-- Data --
══════════════════════════════
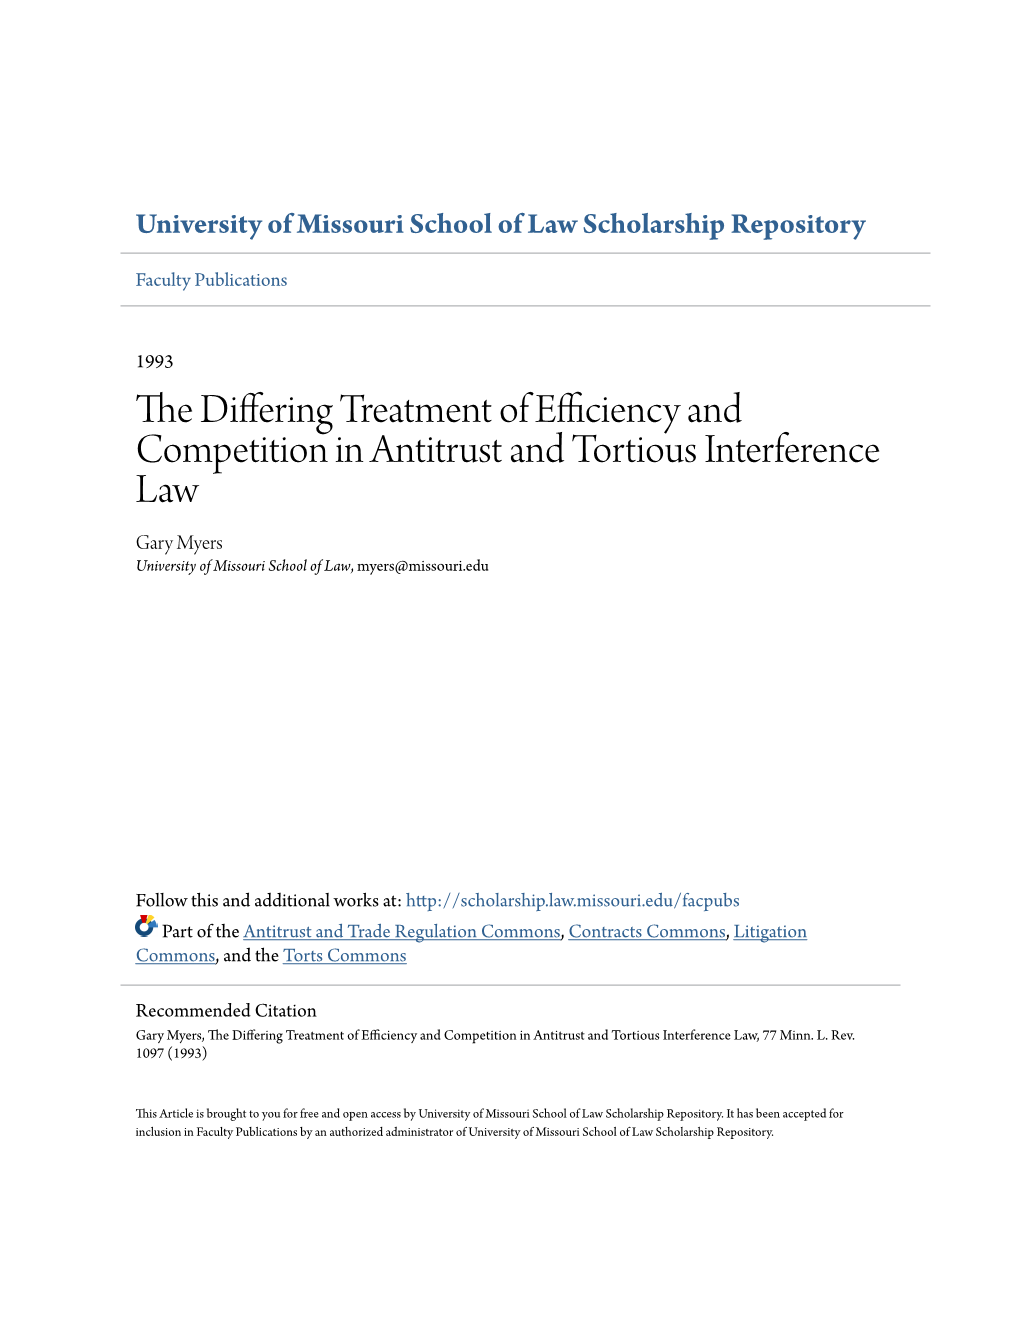 The Differing Treatment of Efficiency and Competition in Antitrust and Tortious Interference Law Gary Myers University of Missouri School of Law, Myers@Missouri.Edu
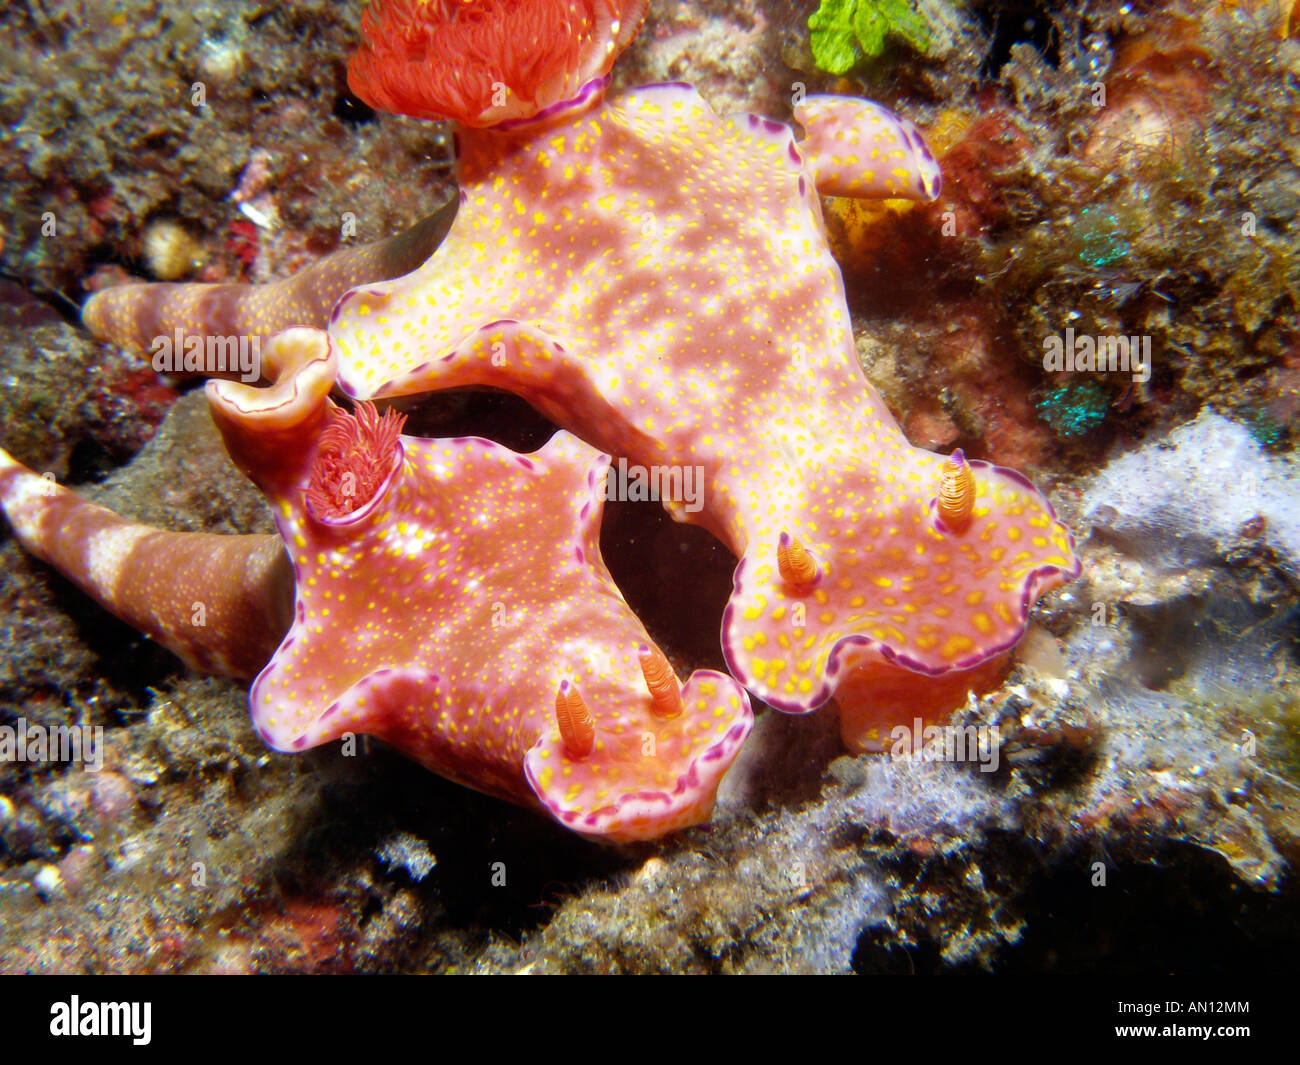 Two colourful nudibranchs, ceratosoma tenue, or seaslugs, in the Lembeh Strait region of North Sulawesi, Indonesia. Stock Photo
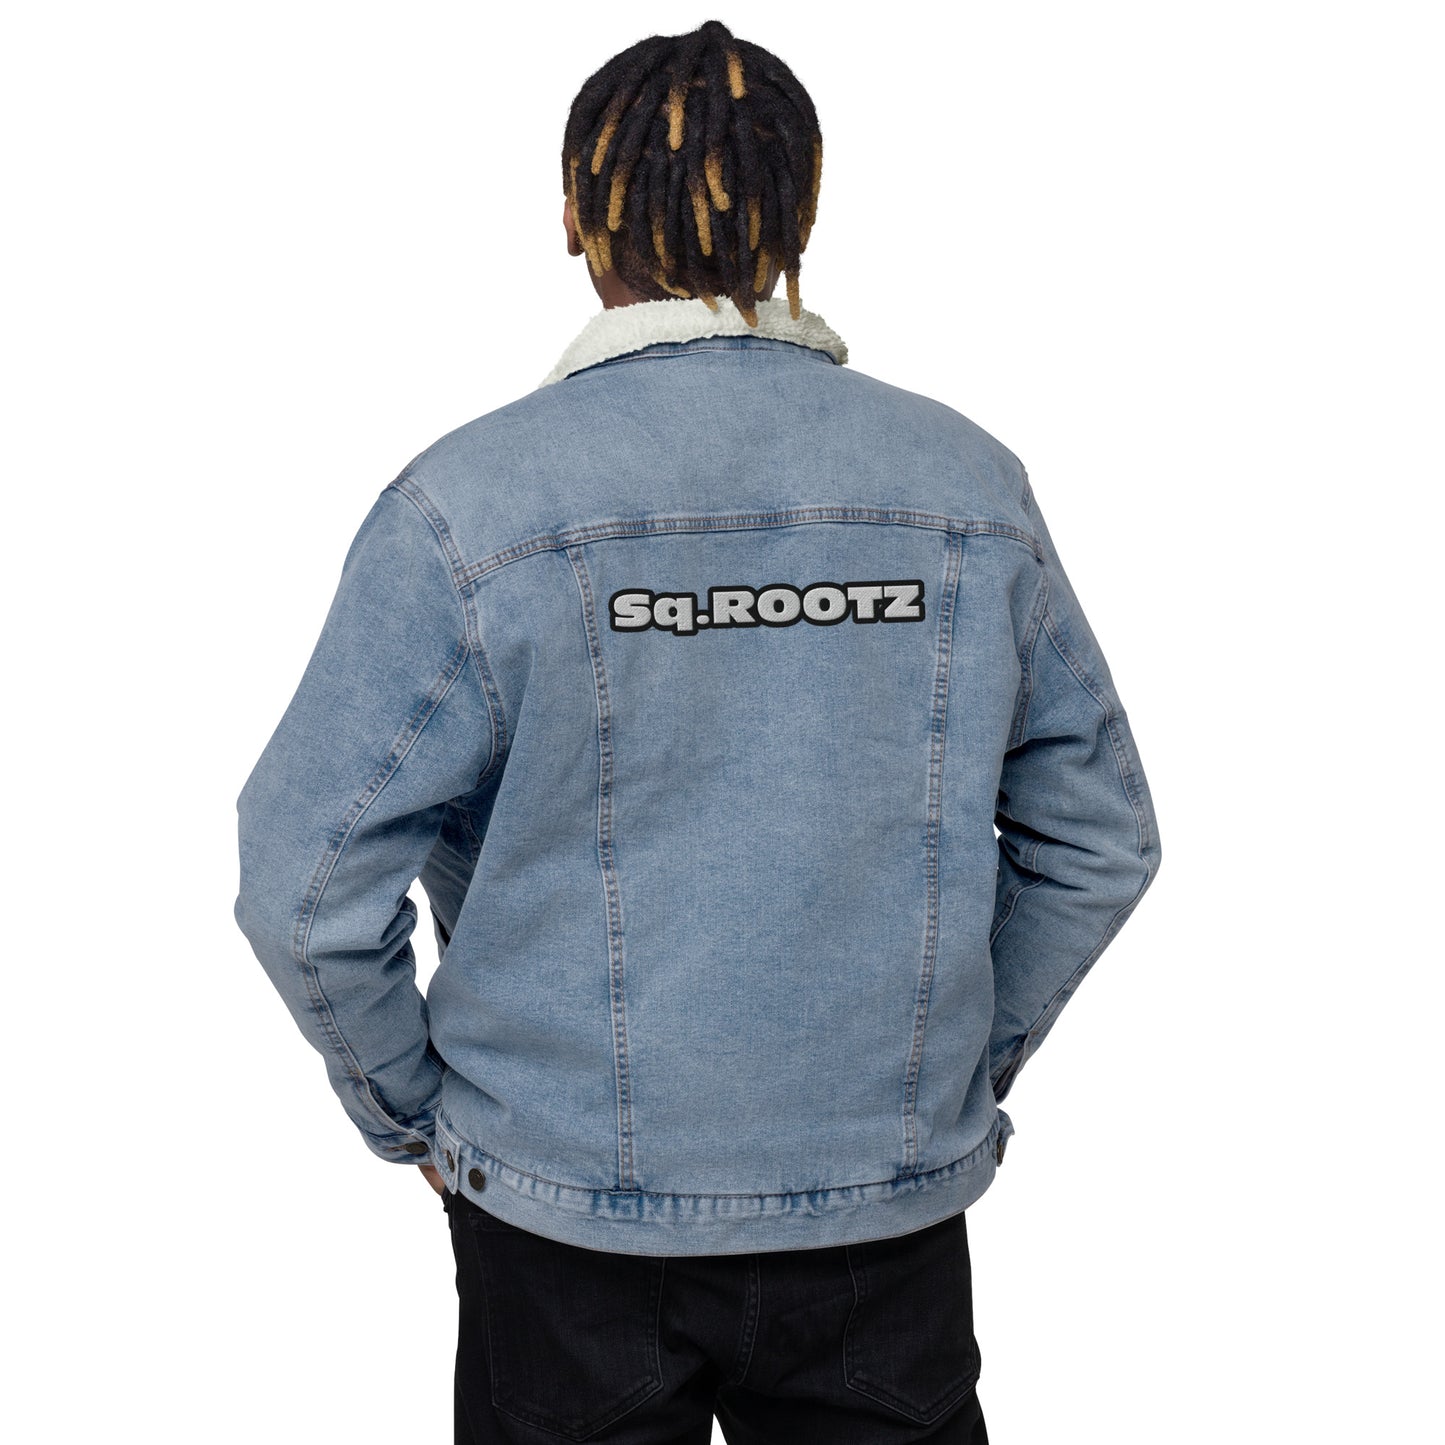 Sq.Rootz Embroidered Sherpa Jacket
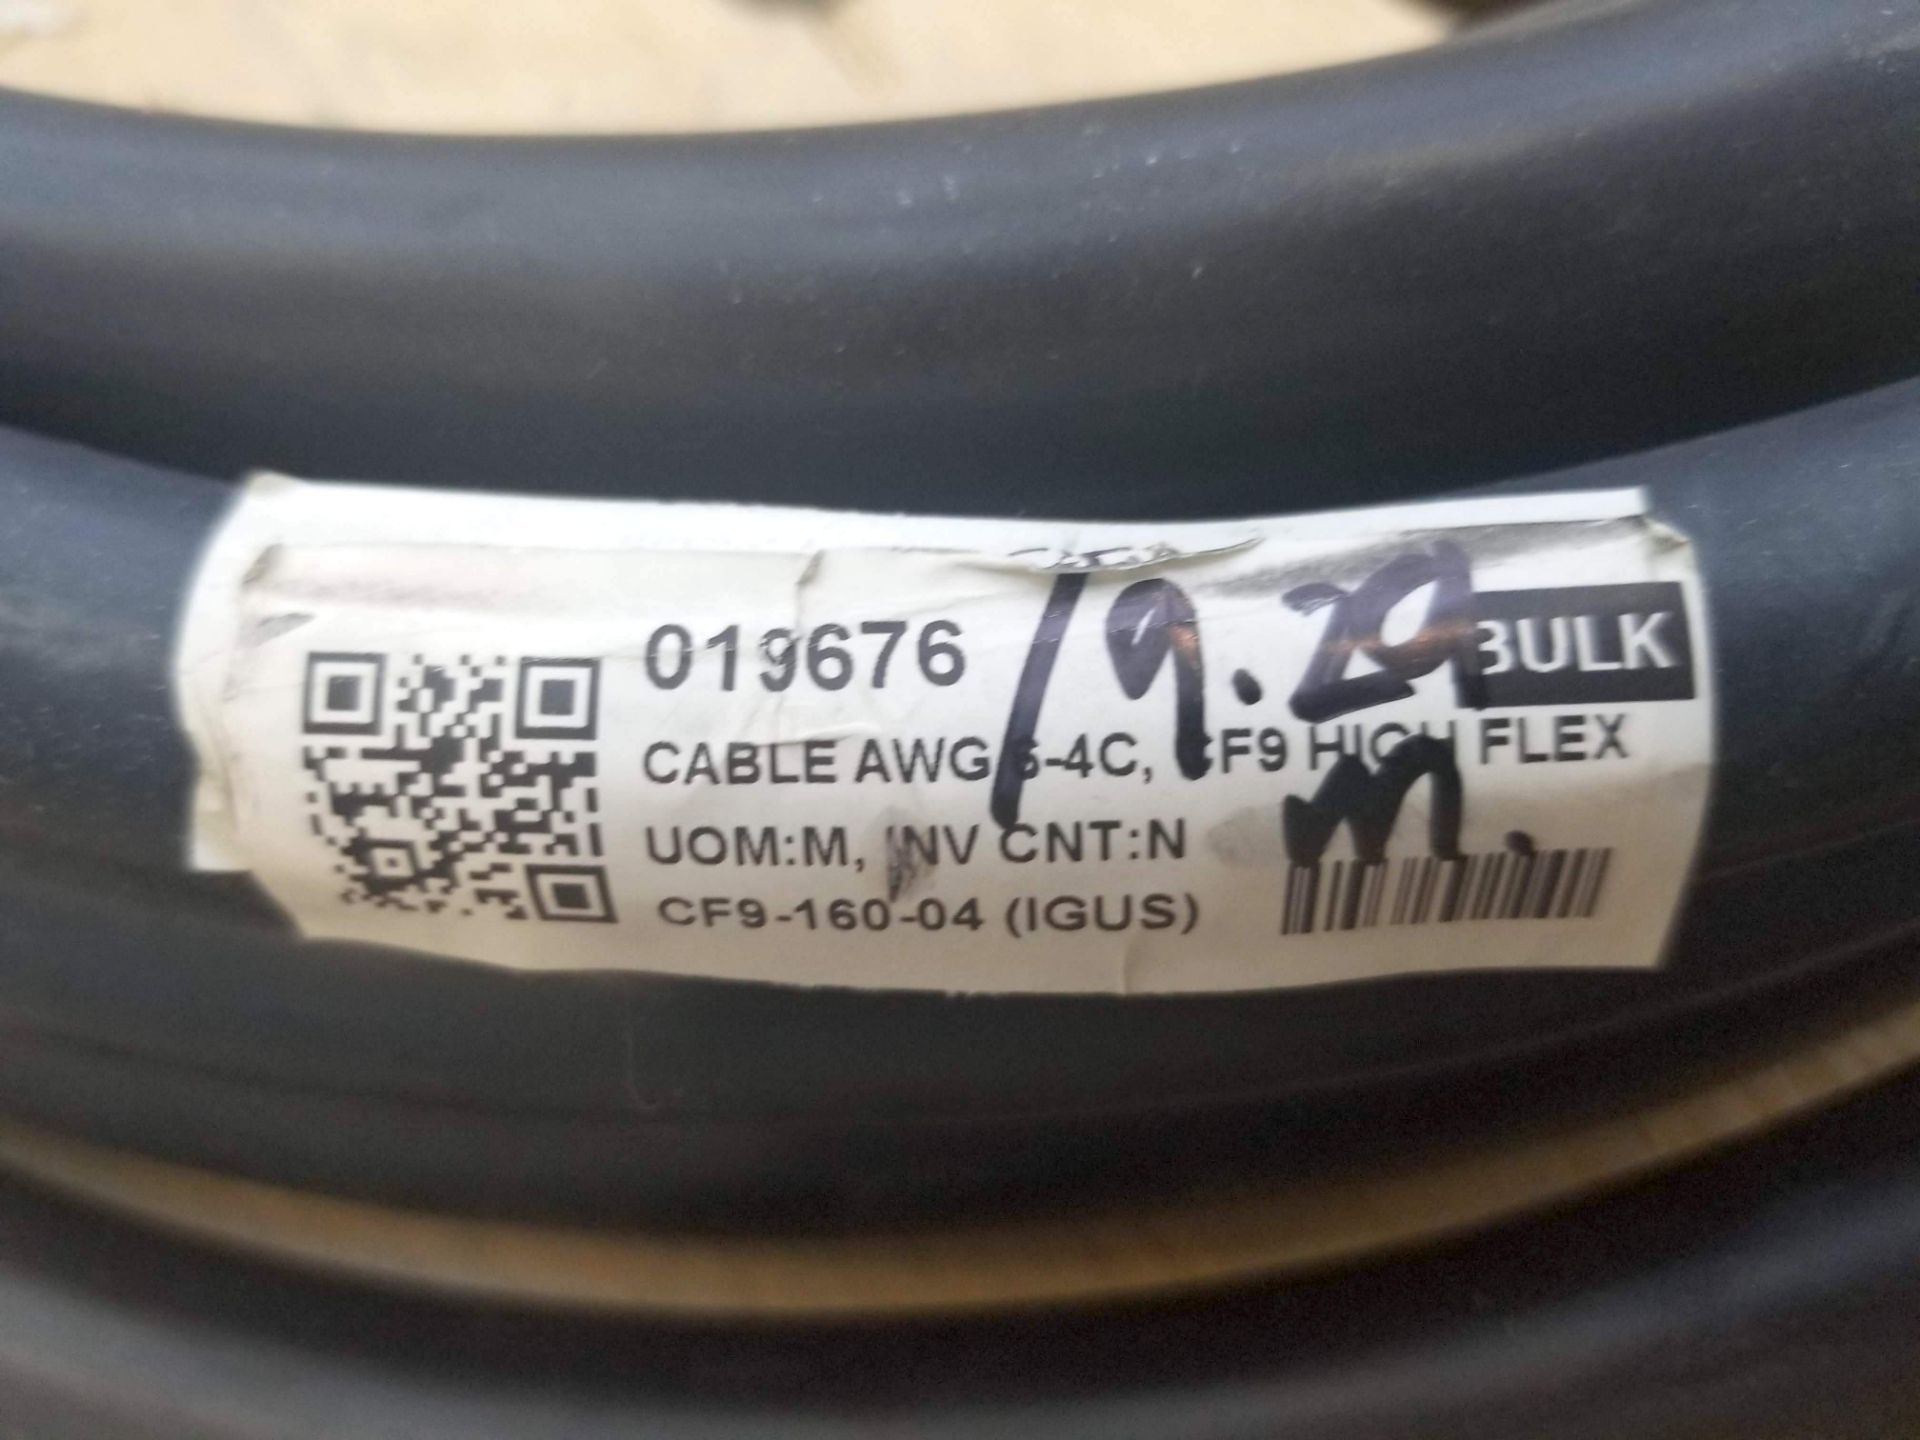 LOT - CABLE AWG 6-4C, CF9 HIGH FLEX, WIRE DLO -1/0 AWG -BLACK, WIRE DLO -1 AWG -BLACK - Image 2 of 5
══════════════════════════════
-- Problem requirements --
Working from the listing above, retype it exactly but include no images.

-- Written response --
 The Differing Treatment of Efficiency and Competition in Antitrust and Tortious Interference Law Gary Myers University of Missouri School of Law, Myers@Missouri.Edu
 Two colourful nudibranchs, ceratosoma tenue, or seaslugs, in the Lembeh Strait region of North Sulawesi, Indonesia. Stock Photo
 Sq.Rootz Embroidered Sherpa Jacket
 LOT - CABLE AWG 6-4C, CF9 HIGH FLEX, WIRE DLO -1/0 AWG -BLACK, WIRE DLO -1 AWG -BLACK - Image 2 of 5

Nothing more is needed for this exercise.